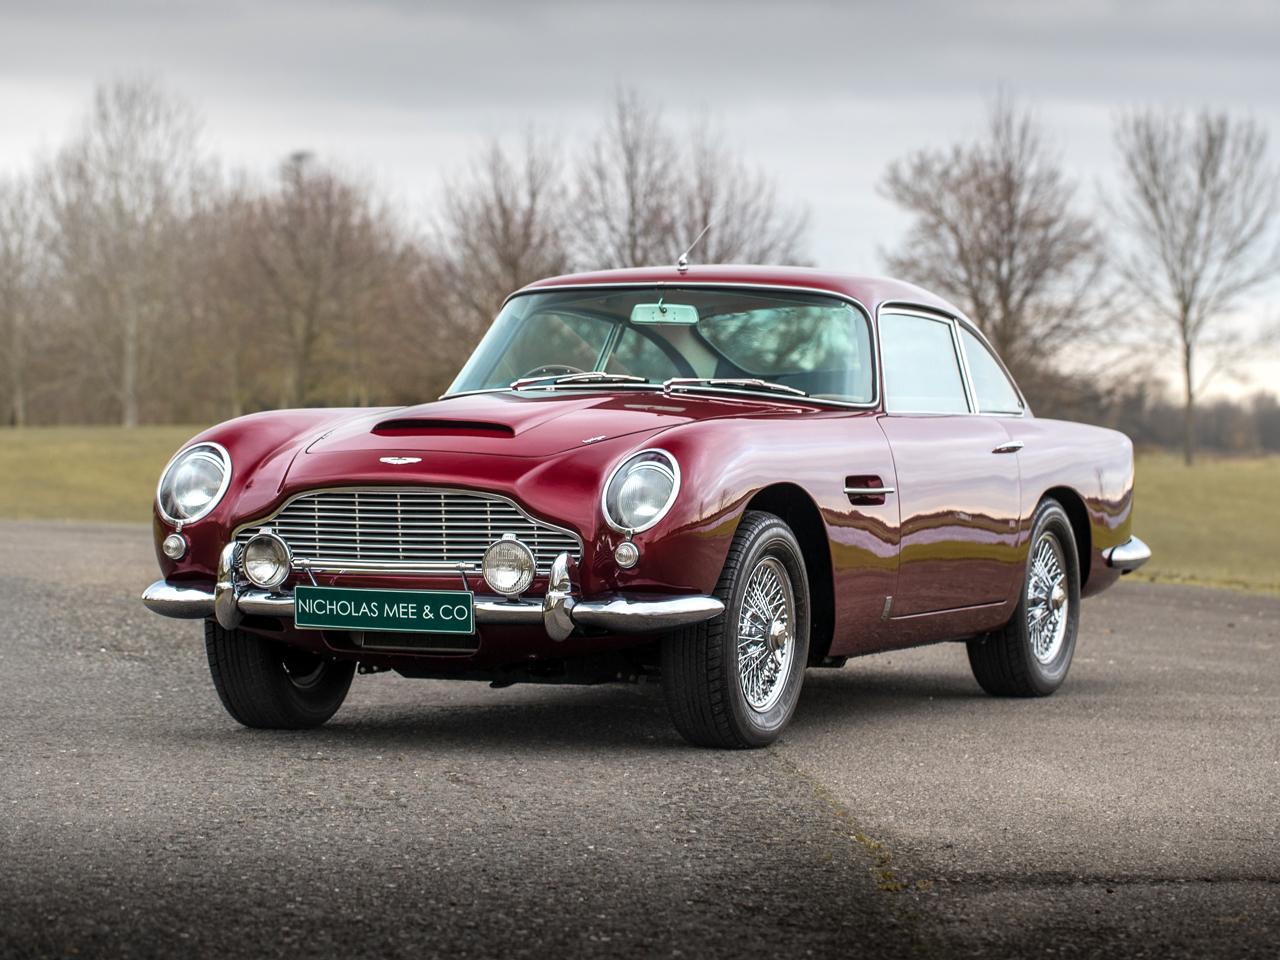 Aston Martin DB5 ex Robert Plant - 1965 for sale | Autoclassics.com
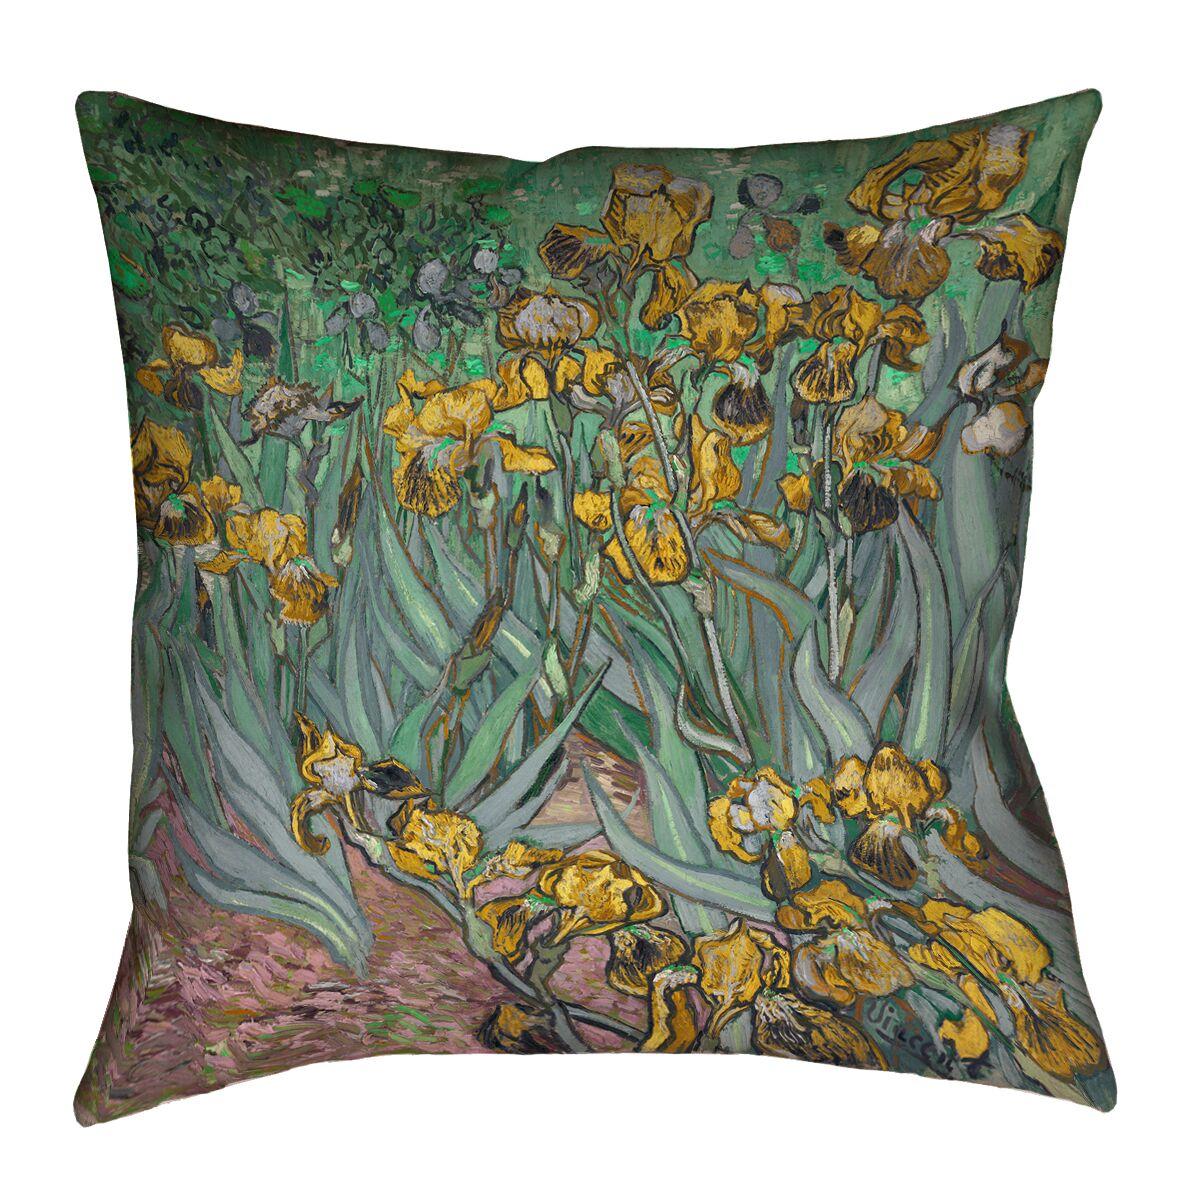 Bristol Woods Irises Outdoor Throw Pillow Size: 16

==

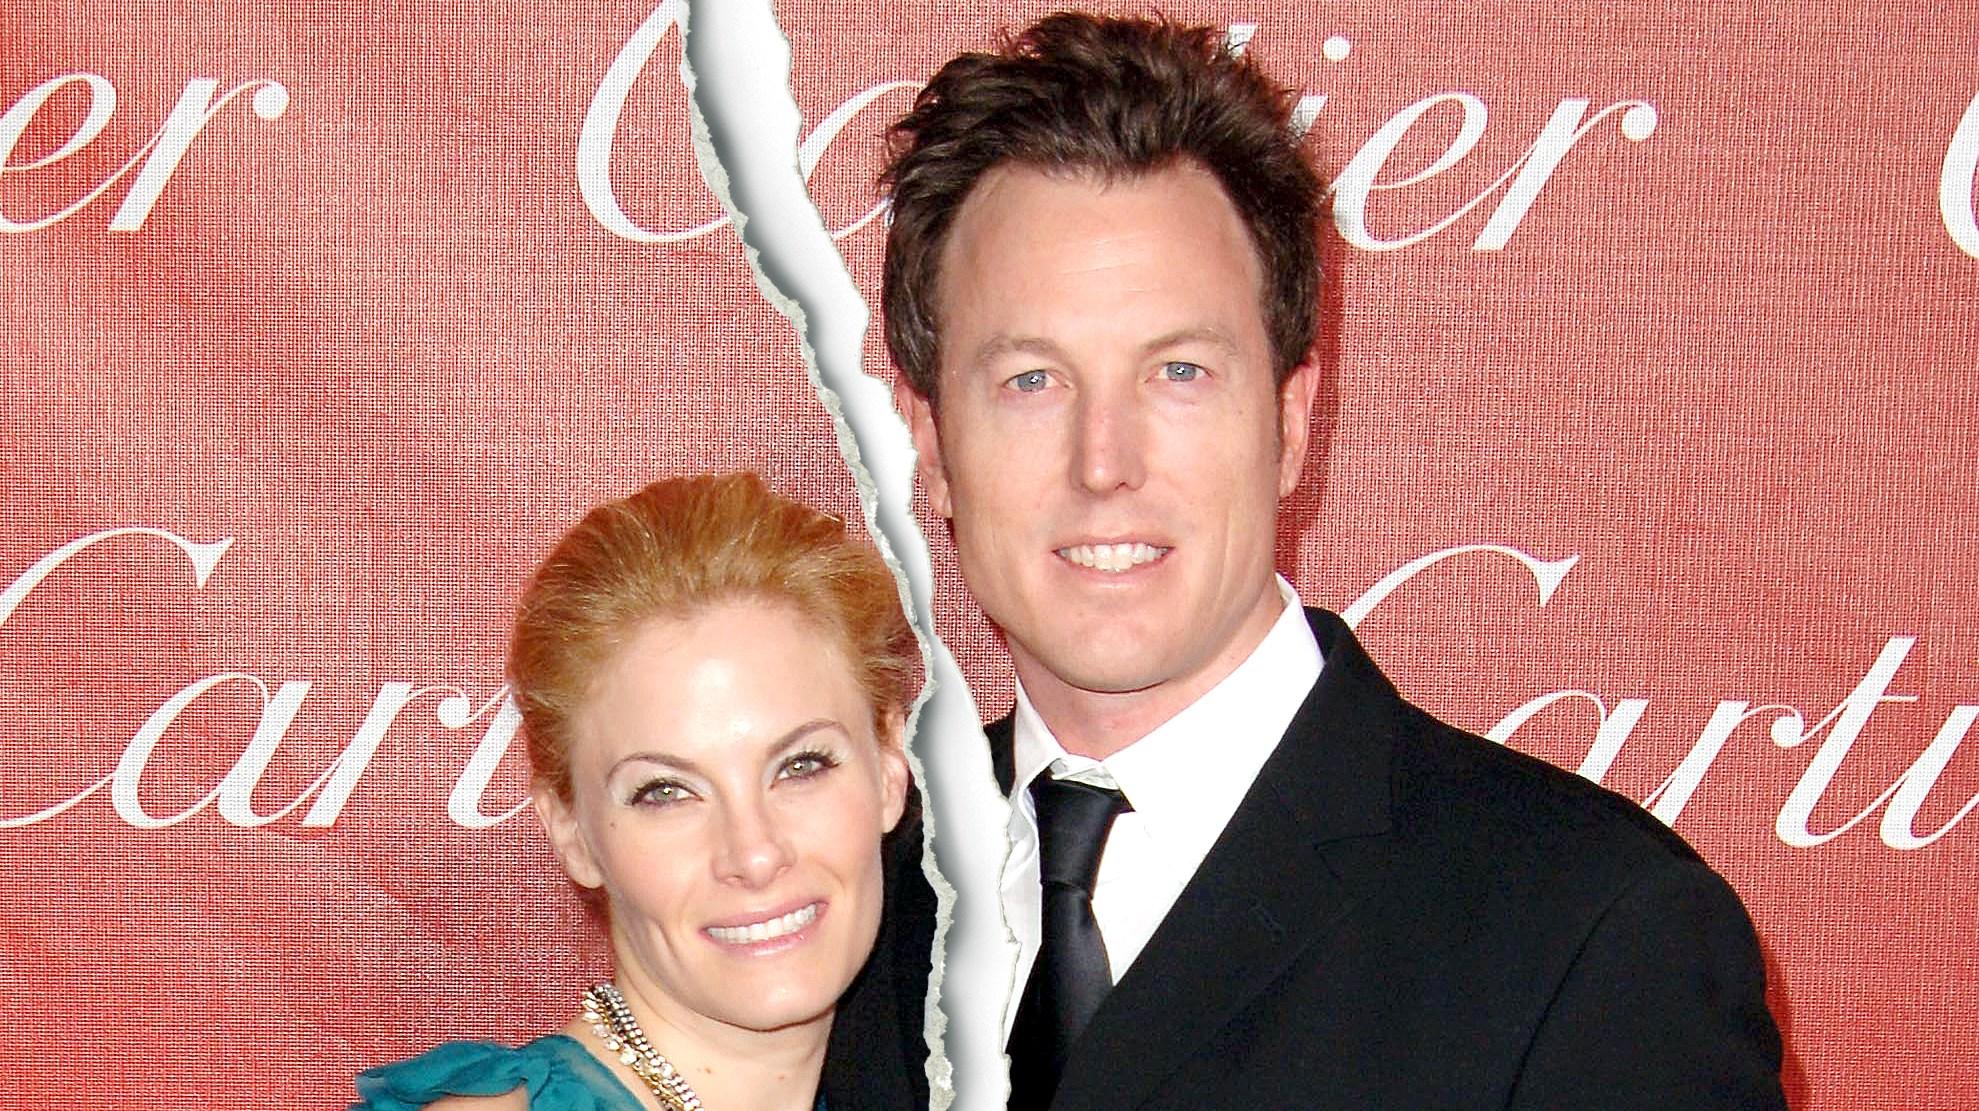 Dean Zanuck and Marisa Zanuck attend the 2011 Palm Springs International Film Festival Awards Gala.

• [Problem]: Look above for the line with "Aston Martin DB5" and the line with "Bristol Woods Irises"; set down those two lines and all lines between them exactly, without pictures and without anything else.

• [Response box]:
 Aston Martin DB5 ex Robert Plant - 1965 for sale | Autoclassics.com
 Bristol Woods Irises Outdoor Throw Pillow Size: 16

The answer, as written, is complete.